Crisis and Change
Home Rule’s prominent figurehead John Redmond died in March 1918 at the close of the Convention, John Dillon taking over the IPP leadership. In April the German Spring Offensive overran the Allied front causing a severe manpower shortage which resulted in a clumsy cabinet dual policy decision by Lloyd George linking implementing Home Rule with extending conscription to Ireland. The Irish party withdrew in protest from Westminster and returned to Ireland to join forces with other national organisations in massed anti-conscription demonstrations in Dublin. Although conscription was never enforced after America’s late intervention in the war guaranteed a supply of fresh troops, the threat of conscription radicalised Irish politics. Sinn Féin, the political arm of the Volunteer insurgents, had public opinion believe that they alone had prevented conscription.
The Irish party held its own and returned its candidates in by-elections up to the end of 1916, the last in the West-Cork by-election of October 1916. The tide then changed after it lost three by-elections in 1917 to the more physical-force republican Sinn Féin movement, which in the mean time had built up 1,500 organised clubs around Ireland and exceeded the strength of the old UIL, most of the latter members now joining the new movement.
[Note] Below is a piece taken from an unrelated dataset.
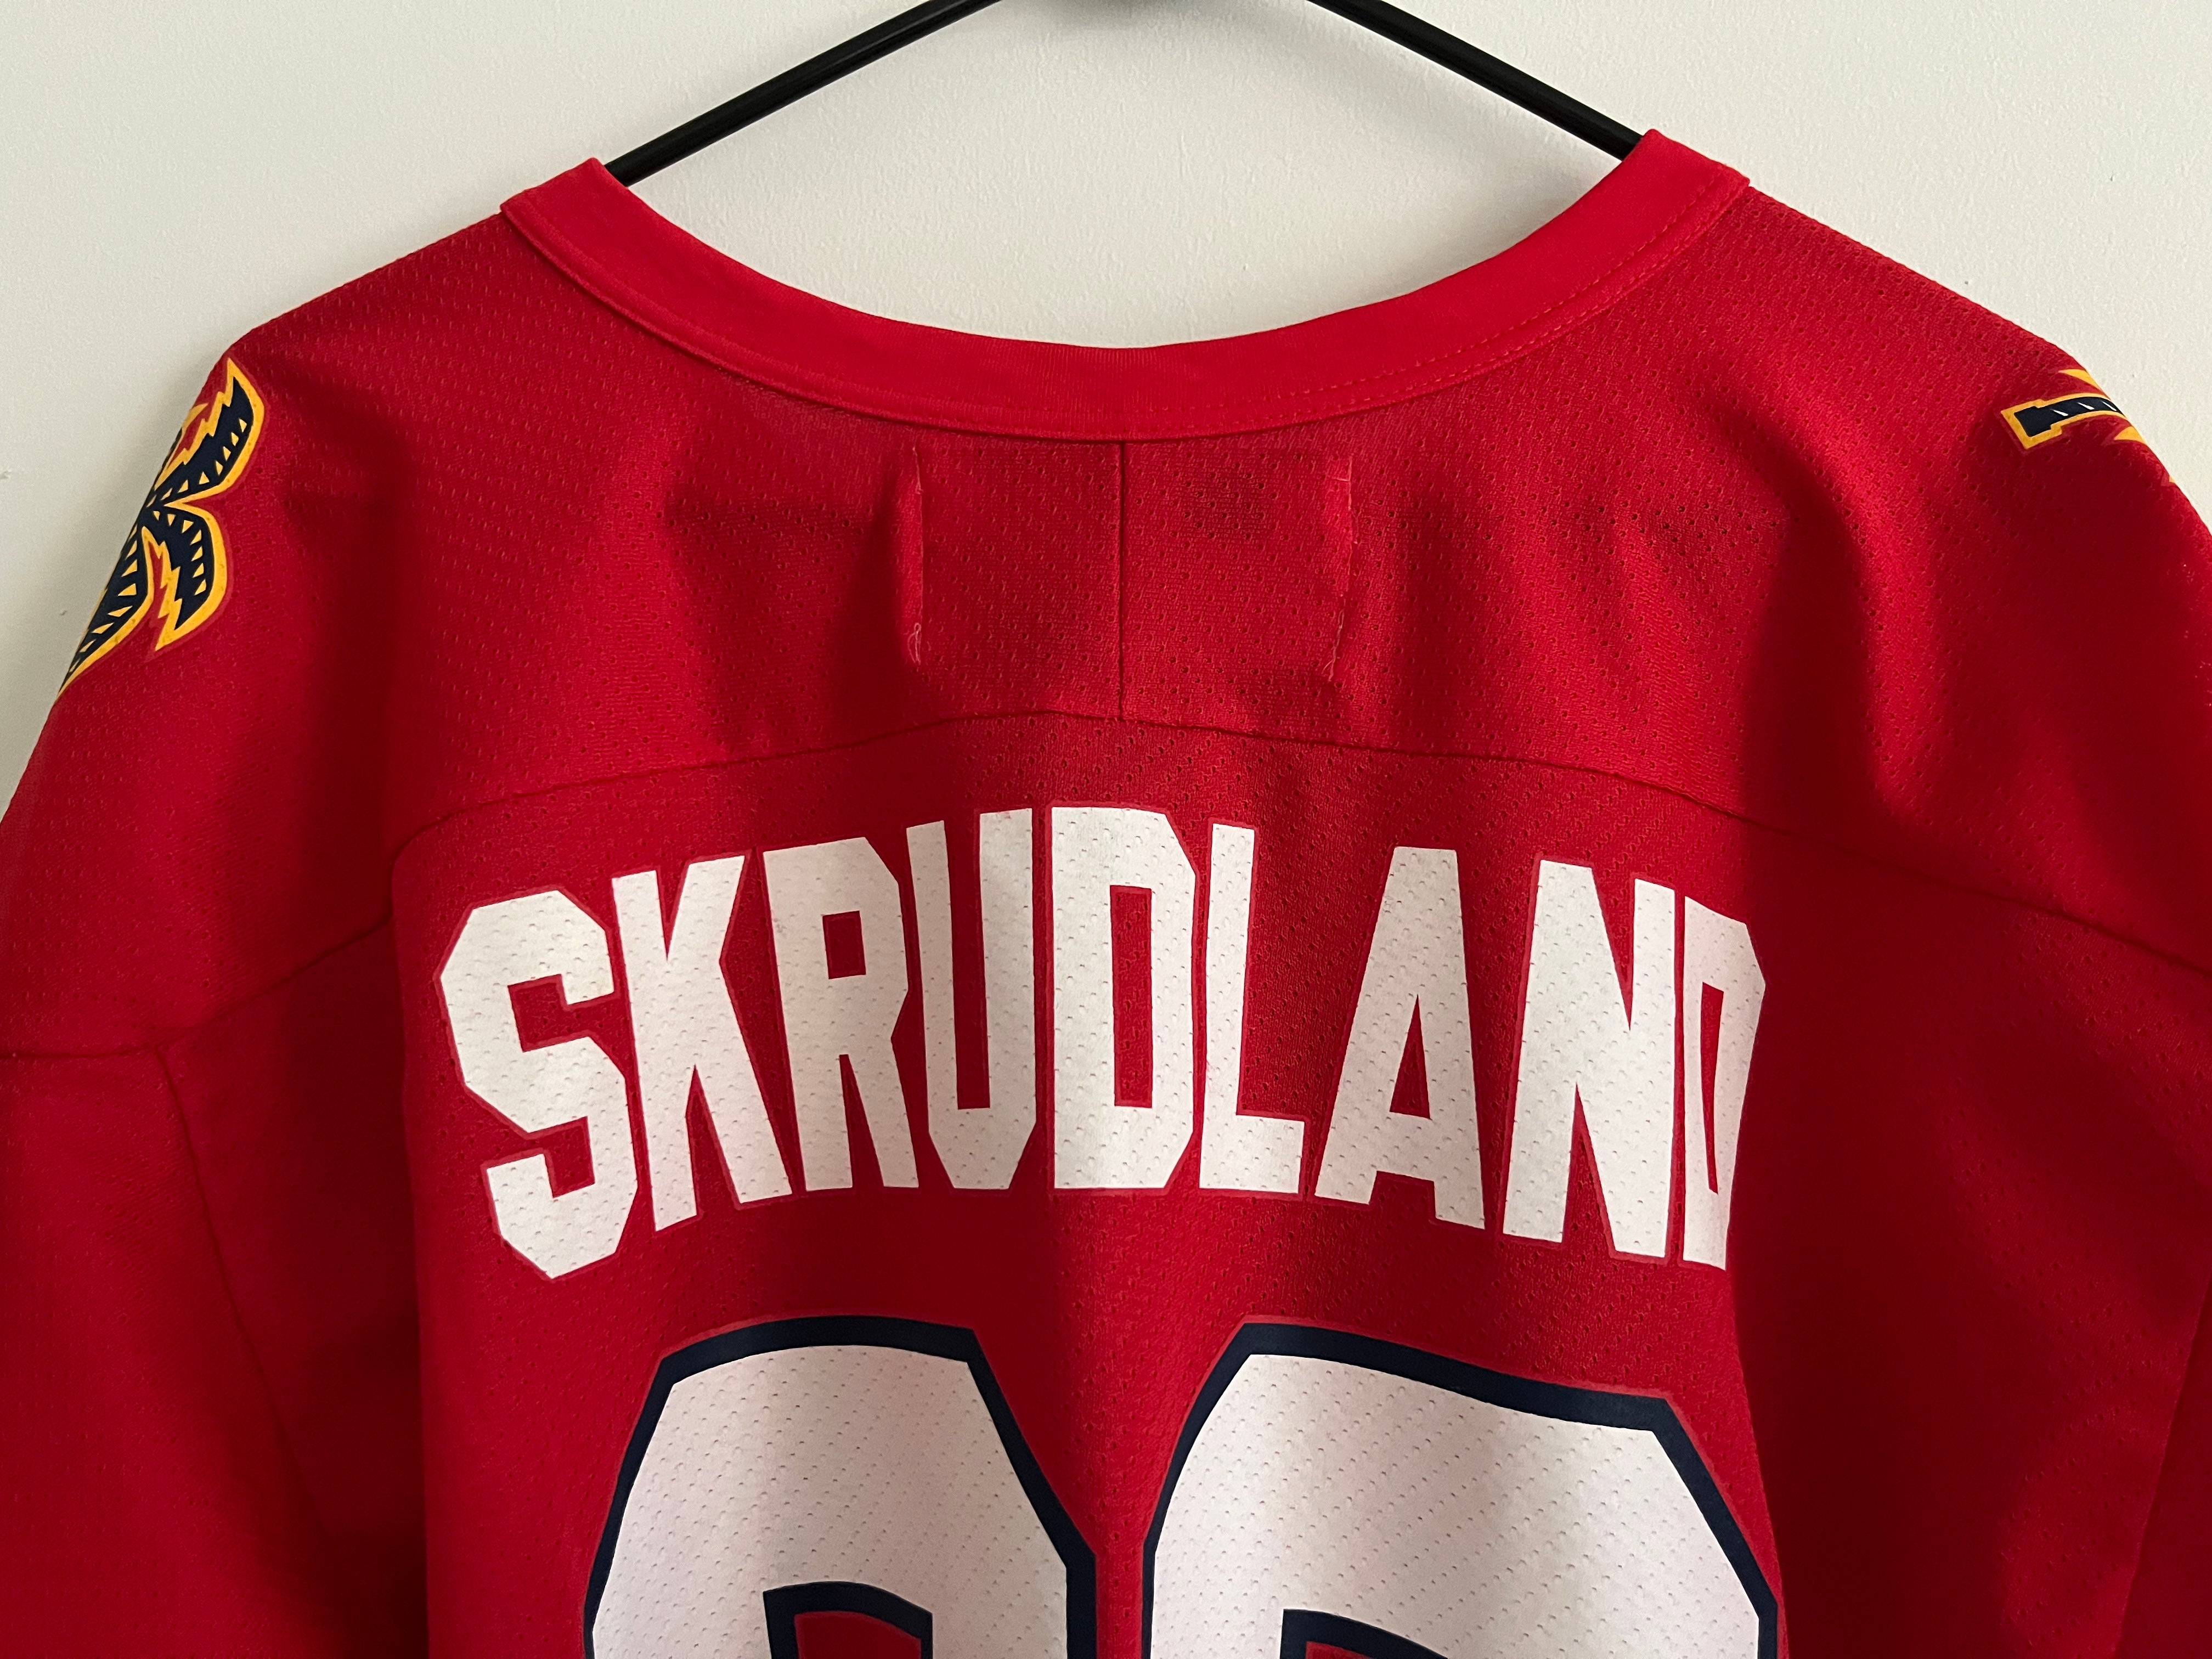 Brian Skrudland 1996 Florida Panthers Away Throwback NHL Hockey Jersey

At the end of the war in November 1918 when elections were announced for the December general election, the Irish electorate of nearly two million had a threefold increase due to a new Representation of the People Act. Women were granted franchise for the first time (confined to those over thirty) and a vote to every male over twenty-one years of age. This increased the number of voters from 30% to 75% of all adults.